# Recurrent Neural Network

## Background

The following model will use the **Keras's** bundled **IMDB** *Internet Movie Database* movie reviews dataset to perform a **binary classification** to determine if a review is negative or positve.

**RNN**s process sequences of data, such as the text of a sentence. **Recurrent** means the neural network contains *loops* that causes the output of a given layer to become the input to the same layer in the next *time step*. A *time step* is the next point in time in a time series, a *time step* would be the next word in a sequence of words. Looping in **RNN**s enables learning and remembering relationships among the data in the sequence. 

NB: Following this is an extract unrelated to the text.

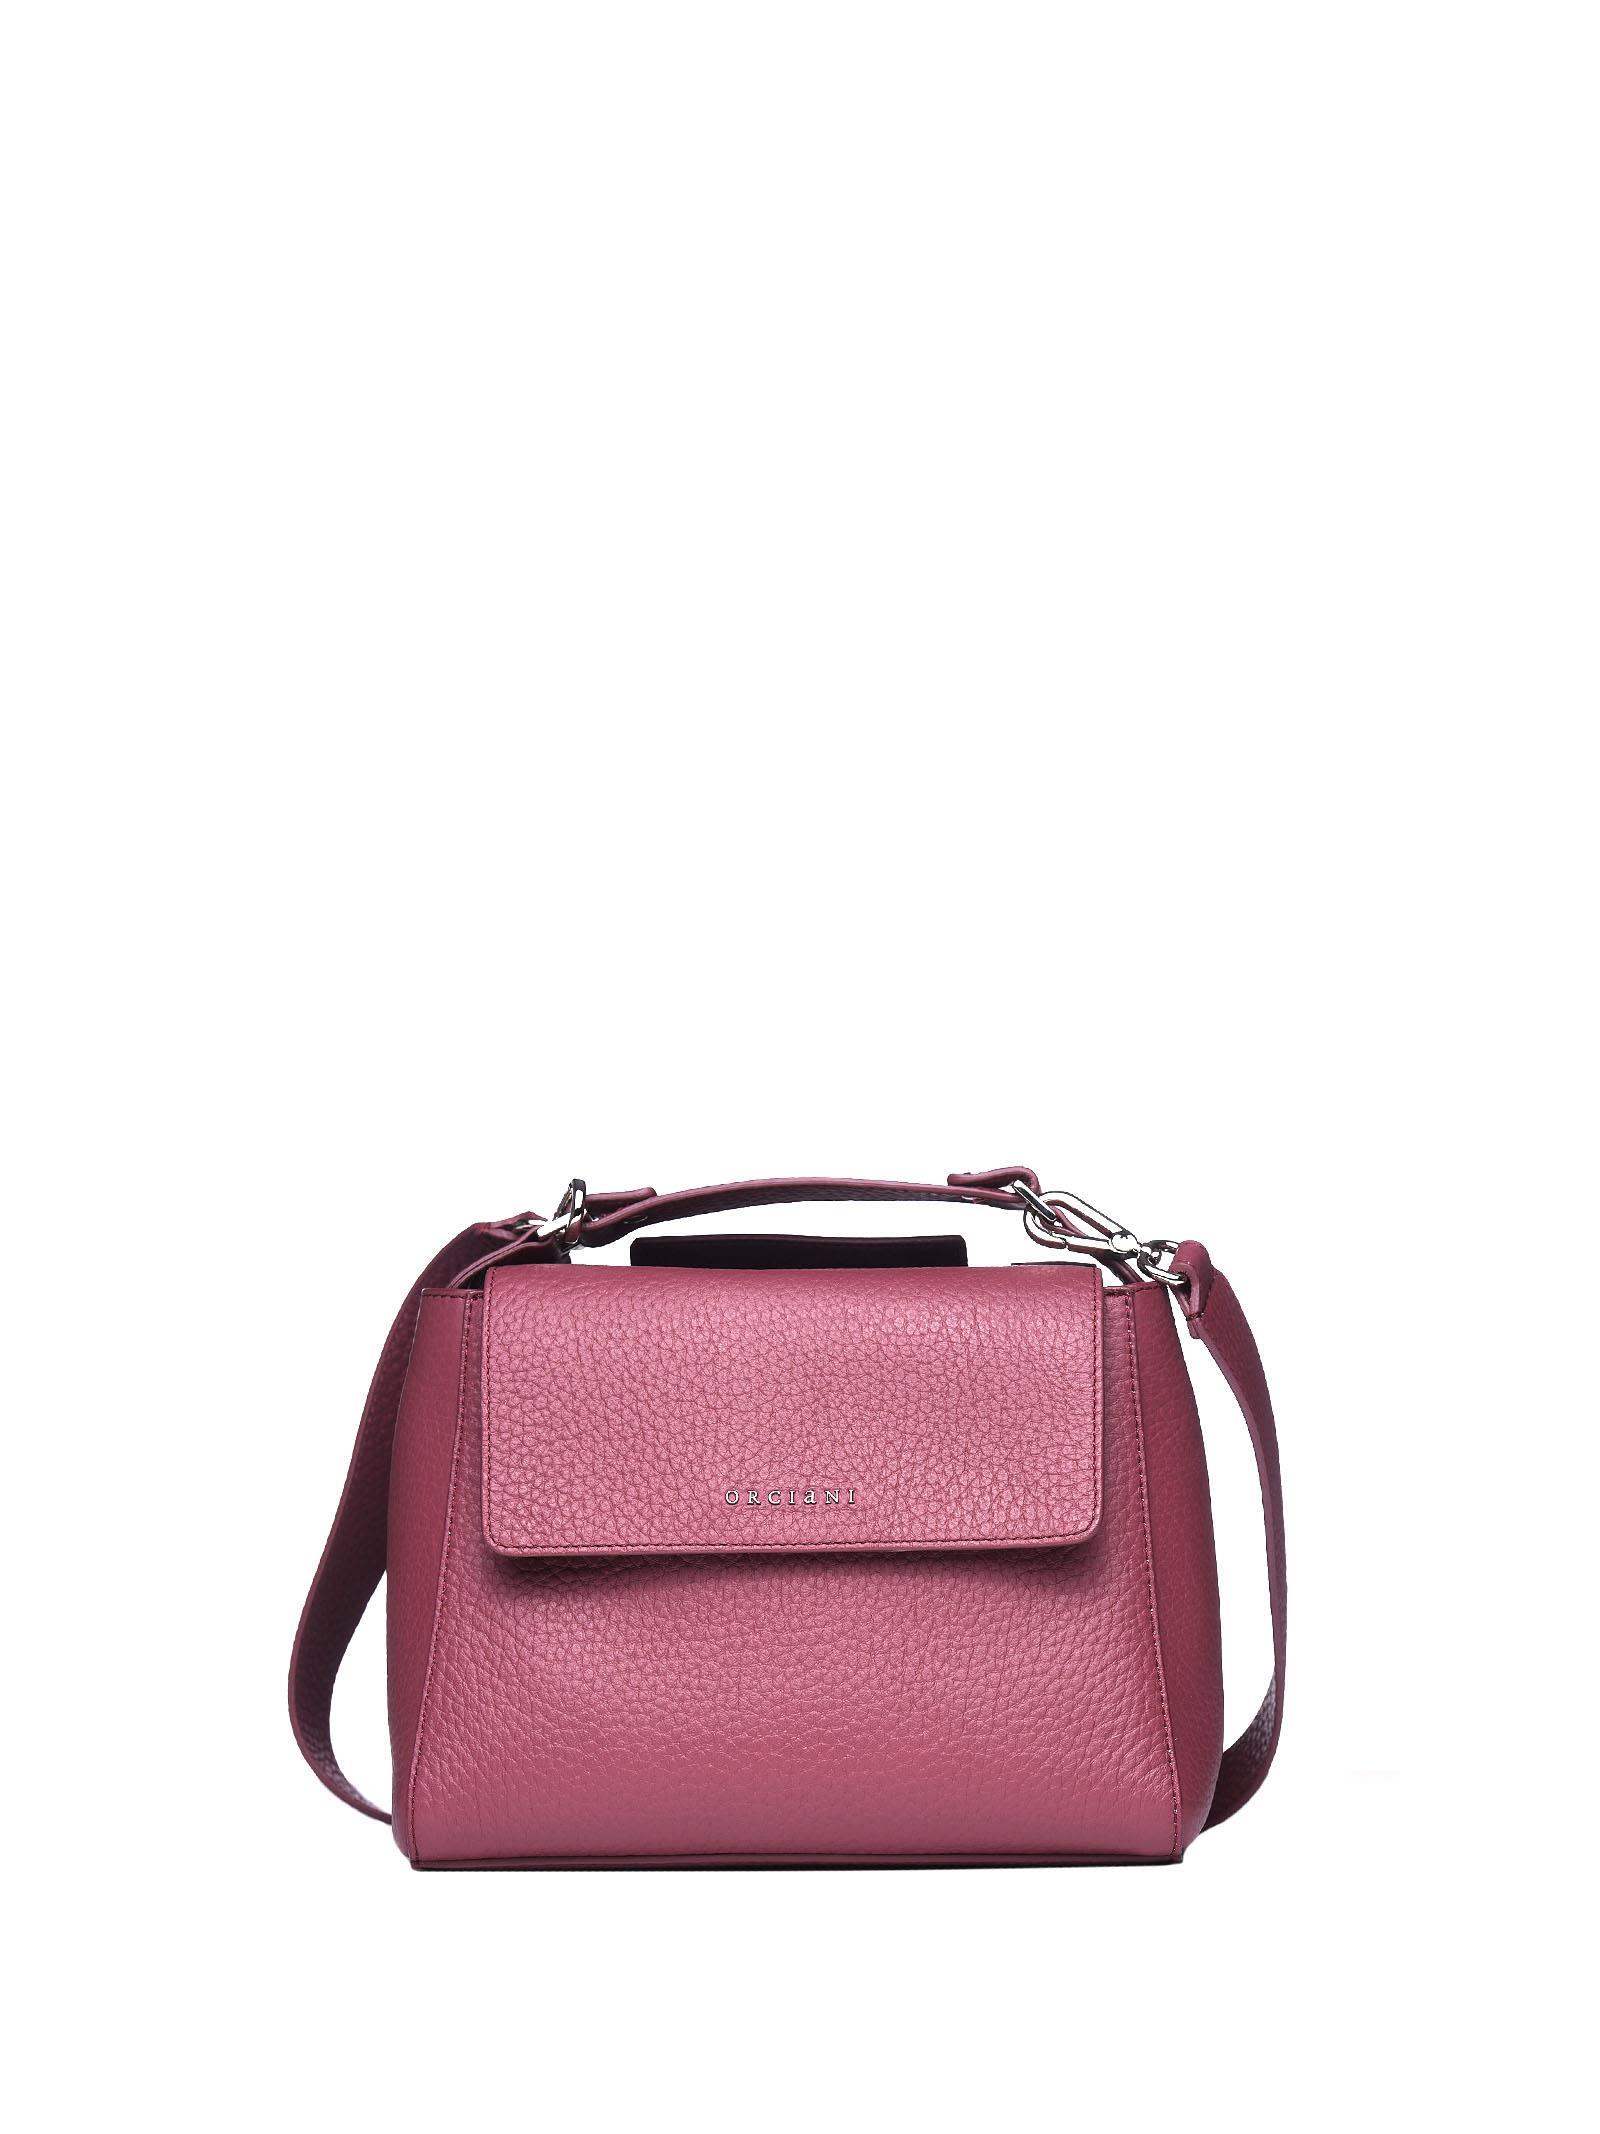 Orciani Sveva Small Leather Handbag In Terracotta  1ae137ce54e05

For example condsider the following:
* The movie is not good

* The actor is good

* The actor is great!

The first sentence is cleary negative. The second is positive but not as positve as the third sentence. The word *good* in the first sentence has its own positive sentiment, however, when it follows the word *not* which appears before *good* in this sequence, the sentiment becomes negative. **RNNs** take into account the relationship among the earlier and later parts of a sequence. Determining the meaning of text can involve many words to consider and an unknown number of words between them. This notebook will use a **LSTM** *Long Short-Term Memory* layer to make the network **recurrent** and optimize learning from sequences like the ones described above.

**Applications:**
* Predictive text
* Sentiment Analysis
* Responding to questions with the predicted best answers from a corpus
* Inter-language Translation
* Automated closed captioning in video

**More Information:**
* __[Overview of Recurrent Neural Networks](https://www.analyticsindiamag.com/overview-of-recurrent-neural-networks-and-their-applications/)__
* __[Applications](https://en.wikipedia.org/wiki/Recurrent_neural_network#Applications)__
* __[Binary Clasification](https://docs.aws.amazon.com/machine-learning/latest/dg/binary-classification.html)__


The **IMDb** movie reviews dataset included with **Keras** contains 25,000 training samples and 25,000 testing samples, each labeled *positive* (1) or *negative* (0). There are over 88,000 unique words in the dataset so the number of words loaded for training and testing will be reduced to the top 10,000 most frequently occuring words since this notebook is intended to be used with a CPU and not a GPU, however, more words loaded would improve results.

In [1]:
# import module to load data
from tensorflow.keras.datasets import imdb

In [2]:
# limit amount of data loaded
num_of_words = 10000

# create tuples  for training and testing
(X_train, y_train), (X_test, y_test) = imdb.load_data(num_words=num_of_words)

## Evaluate 
Inspect the dimensions of the set samples

In [3]:
X_train.shape

(25000,)

In [4]:
y_train.shape

(25000,)

In [5]:
X_test.shape

(25000,)

In [6]:
y_test.shape

(25000,)

The arrays `y_train` and `y_test` are one-dimensional arrays containing 1s and 0s, to indicate if a review is positive or negative. However, each element is a *list* of integers that represent a review's contents. **Keras** deep learning models require *numeric data*, so the developers at **Keras** preprocessed the **IDMb** dataset. **Keras IDMb** dataset provides a dictionary that maps the words to their indexes. Each word's corresponding value is its frequency ranking among all the words in the entire set of reviews. So the word with the rank **1** is the most frequently occuring word (calculated by **Keras**). The dictionary values begin with **1** as the most occuring word, **however**, in each encoded review such as `X_train[123]`, the **ranking values** are *offset by 3*. Any review containing the most frequently occuring word will have the value **4** wherever that word appears in the review. Here's why:

* The value **0** in a review represents *padding*. **Keras** deep learning algorithms expect all the training samples to have the same dimensions. Some reviews may need to be expanded to a given length and some shortened to that length. Those that are expanded will be padded with **0**

* The value **1** represents a token that **Keras** uses internally to indicate the start of a text sequence for learning purposes

* The value **2** in a review represents an unknown word (usually a word that is not loaded because of `.load_data(num_words=num_of_words)`. Any reveiw that containted words with frequency rankings greater than `num_of_words` would have those words' numeric values replaced with **2**. This is handled by **Keras**.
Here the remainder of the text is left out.